- Specialty: Medical genetics
- Symptoms: Hypotonia, congenital anomalies and seizures
- Complications: Early death
- Usual onset: Birth
- Duration: Life-long (short life span)
- Types: 1, 2, 3, 4
- Causes: Genetic mutation
- Prevention: none
- Prognosis: Bad
- Frequency: very rare, only 15 cases have been reported in medical literature.

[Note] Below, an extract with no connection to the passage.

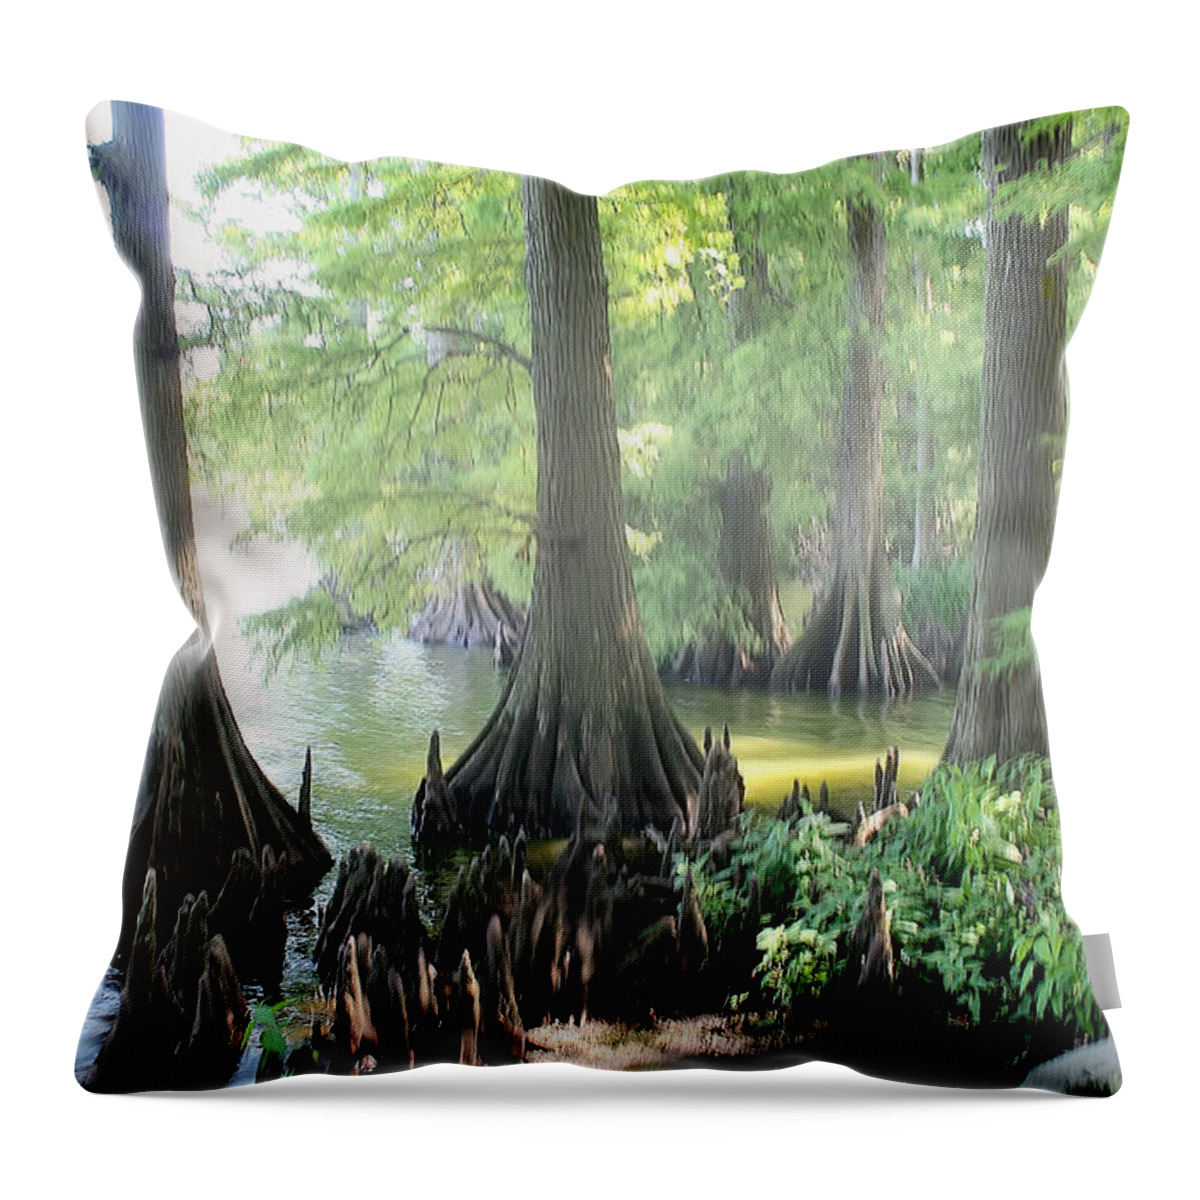 Reelfoot Lake Throw Pillow featuring the photograph Foggy Reelfoot Lake by Bonnie Willis

= Multiple congenital anomalies-hypotonia-seizures syndrome =

Multiple congenital anomalies-hypotonia-seizures syndrome (MCAHS) is a rare multi-systemic genetic disorder which is characterized by developmental delay, seizures, hypotonia and heart, urinary, and gastrointestinal abnormalities.

== Presentation ==

People with this disorder often show the following symptoms:

=== General ===

- Hypotonia
- Widespread developmental delays
- Early-onset seizures

=== Heart ===

- Patent foramen ovale
- Atrial septal defect
- Patent ductus arteriosus

=== Genito-urinary ===

- Hydrocele
- Renal collection system dilatation
- Hydroureter
- Hydronephrosis
- Trabecular urinary bladder hypertrophy

=== Gastrointestinal ===

- Gastroesophageal reflux
- Anal stenosis
- Imperforate anus
- Ano-vestibular fistula

=== Facial ===

- Coarse face
- Occiput prominence
- Bitemporal narrowing
- Epicanthal folds
- Hypertelorbitism
- Nystagmus
- Strabismus
- Distracted eyes
- Low-set prominent ears
- Nasal bridge depression
- Upward-facing nose
- Long philtrum
- Large, constantly open mouth
- Thin lips
- High palate
- Micro/retrognathia

=== Auricular ===

- Auricle abnormalities

== Causes ==
It is caused by an autosomal recessive mutation in PIGN (gene), on chromosome 18. It is caused by a C to A nucleotide substitution.

== Epidemiology ==

Only 15 cases of this syndrome have been reported in medical literature.